Other noteworthy factors Rotter included were market changes, government regulations, professional development and competition.
He said the commercial real estate market is constantly evolving, and changes in the market can impact the demand for appraisal services. For example, shifts in economic conditions, changes in property types, and shifts in market demographics can all affect the demand for appraisals.
“Government regulations play a significant role in the appraisal profession, and changes to regulations can impact the practice of appraisal,” Rotter said. “For example, changes to appraisal standards, licensing requirements, and disclosure laws can all affect the profession. The appraisal profession is constantly evolving, and appraisers must stay informed and up to date with the latest industry trends and best practices to remain relevant. This may involve continuing education, staying informed about changes in technology and market trends, and adapting to new techniques and methods.”

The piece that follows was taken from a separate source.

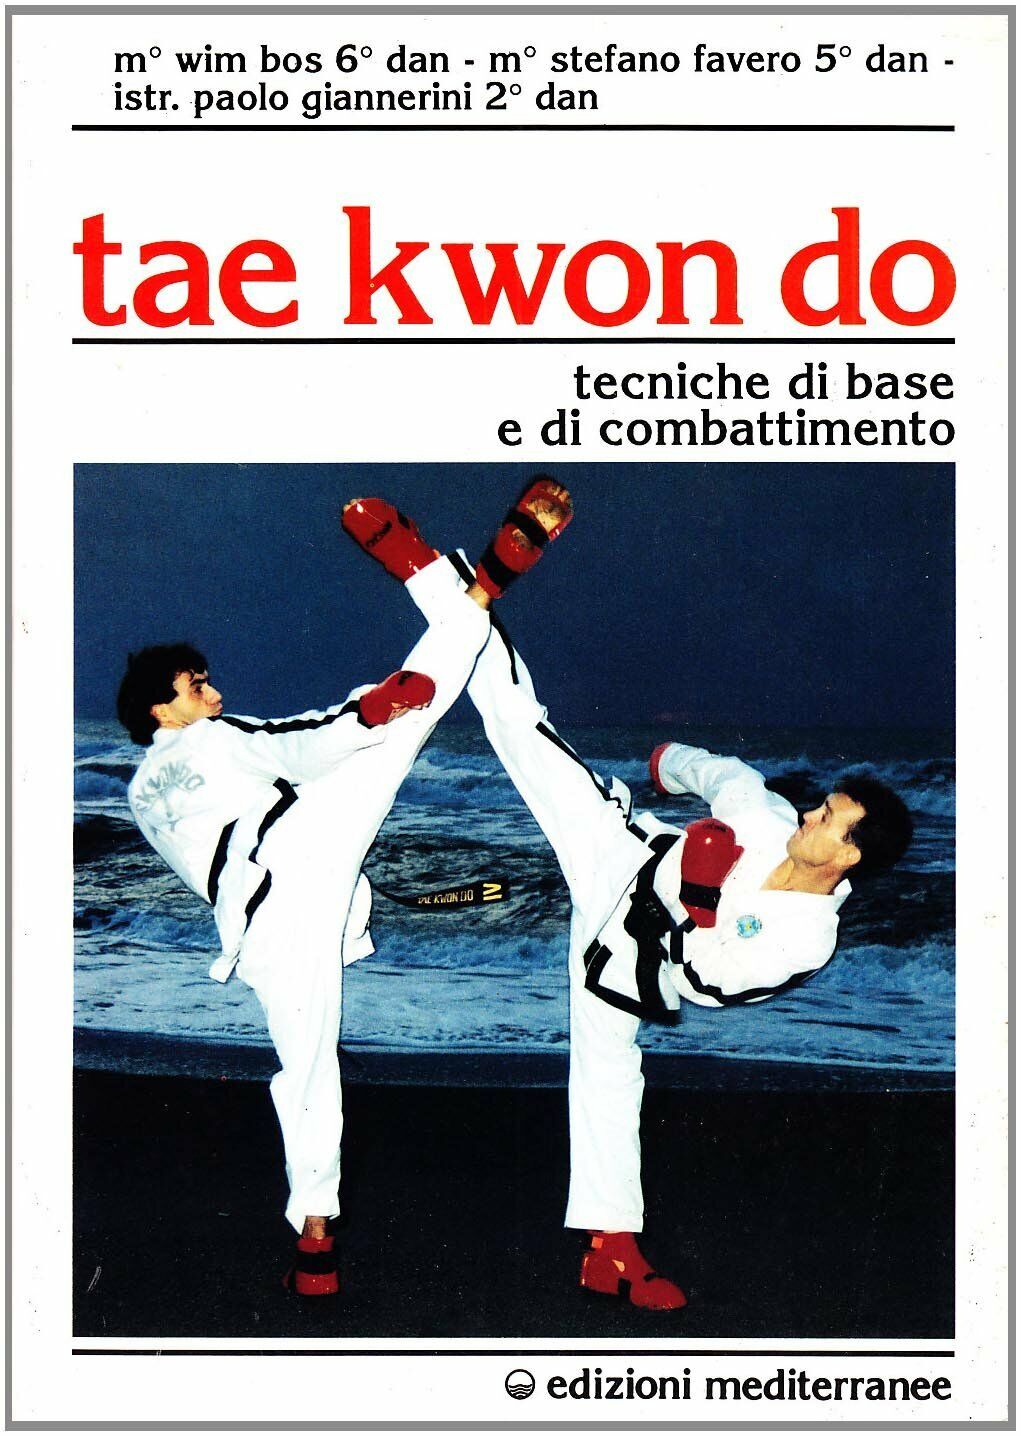 Tae kwon do - Wim Bos, Stefano Favero, Paolo Giannerini - Mediterranee, 1993 libro usato

“Competition from other real estate professionals, such as brokers, agents, and consultants, can also impact the relevance of the appraisal profession,” he added. “Appraisers must differentiate themselves and highlight the value they bring to the table, such as their expertise, independence, and objectivity. By staying informed and adapting to these factors, commercial real estate appraisers can remain relevant and continue to provide valuable insights and services to their clients.”
Finally, Rotter emphasized that commercial appraisers “will remain busy through the next 12 months.”